Quote:Thank you so much for helping me ^^ How did you extract the files?
I had no idea how ZDA files work, but the first thing one should do when working with any unknown file format is to open it with a hex editor. Let's see check out some file:
[Image: H4bbi2L.png]
Right off the bat, you can make out leveldone.xm and getready.xm and some other strings. Let's try adjusting the width of the window so we might align the data in a more readable way:
[Image: PTVjUDq.png]
Much better. Now let's do some analysis.
• The archive is a .zda file. The file's first bytes are 'ZDA'. This could be a file identifier (all other files begin with 'ZDA' too.)
• It appears there are nine filenames listed. The long after the ZDA identifier is 09 00 00 00. Is this a coincidence?
• The long after the 09000000 and just before the first filename is E0 01 00 00. Address 0x1E0 in the file looks like a first instance of "real" data instead of just filename definitions. Is this a coincidence?

Let's lay the bytes down in a bit nicer, neater manner:
[Image: Hz2bh0x.png]

That's good, but because we have a strong suspicion (because of the 09 00 00 00 being 0x9 and E0 01 00 00 being 0x1E0) that we should read Little Endian Longs instead of single bytes, let's shuffle the bytes around a bit:
[Image: 1eLJx4R.png]

It appears that We've got the first three longs figured out, the last thing to figure out is the three unknown values: value1, value2 and value3. Some things to notice:
• value3 is always bigger than the previous one. This suggests it might be a pointer.
• value2 is always bigger than its accompanying value1. This suggests value2 might be 'compressed filesize' and value1 might be 'decompressed filesize'

So let's check 0x1E0 again, because that's where our data starts. To test our hypothesis about value2 being compressed filesize and select exactly 0x49A9 bytes:
[Image: 30DkVUw.png]
Very interesting. Let's try selecting 0x46CE bytes exactly after it, as instructed by the second header.
[Image: UBB8Bnj.png]

I think I get it now! Do you notice anything special?
...
That's right! Every piece of data we've looked so far begins with $78 (or 'x' in ASCII). That's a telltale sign of zlib compressed data.

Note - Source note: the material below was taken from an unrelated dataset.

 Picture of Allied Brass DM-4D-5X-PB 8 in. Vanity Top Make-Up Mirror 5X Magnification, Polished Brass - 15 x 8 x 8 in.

I knew beforehand that all zlib compressed data always begins with $78 but you would've come to the same conclusion had you googled enough.

But yeah anyway now we know*
• How many files are there inside a ZDA package
• Their filenames
• Their filesizes
• Their addresses
• Their compression method
*) or at least have a pretty good hunch

So let's get to decompression. I had never worked with actually decompressing zlib data before so I googled a bit and found out that Python has zlib decompression methods built in. So all in all writing the decompressor was pretty easy - here's the script I wrote.
LINK

After analysing the resulting files, I also concluded that my hunch about the "decompressed size" value was correct.

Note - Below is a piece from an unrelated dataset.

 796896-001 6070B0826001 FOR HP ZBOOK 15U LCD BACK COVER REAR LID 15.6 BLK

So, what next? There still appears to be some kind of compression/encryption in the files, as the XM and WAV files don't work. The BMP files aren't legitimate either. What's going on...?

tbh no clue, it looks like some kind of pseudo-BMP. Variable bit depths, reverse row order, all kinds of typical BMP stuff.

Here are all the decompressed files: https://www.dropbox.com/sh/o016vwmxl3foy...xqWPa?dl=0

If we've got some kind of BMP in-house expert, maybe they can take a look. I'm out of ideas, sorry.
[Image: XezHFxV.gif]
Once there was a way to get back homeward
Reply
Thanked by: GianaSistersFan64
#5
(10-14-2018, 10:59 AM)Raccoon Sam Wrote: So, getting back to this.
Quote:Thank you so much for helping me ^^ How did you extract the files?
I had no idea how ZDA files work, but the first thing one should do when working with any unknown file format is to open it with a hex editor. Let's see check out some file:

Right off the bat, you can make out leveldone.xm and getready.xm and some other strings. Let's try adjusting the width of the window so we might align the data in a more readable way:

Much better. Now let's do some analysis.
• The archive is a .zda file. The file's first bytes are 'ZDA'. This could be a file identifier (all other files begin with 'ZDA' too.)
• It appears there are nine filenames listed. The long after the ZDA identifier is 09 00 00 00. Is this a coincidence?
• The long after the 09000000 and just before the first filename is E0 01 00 00. Address 0x1E0 in the file looks like a first instance of "real" data instead of just filename definitions. Is this a coincidence?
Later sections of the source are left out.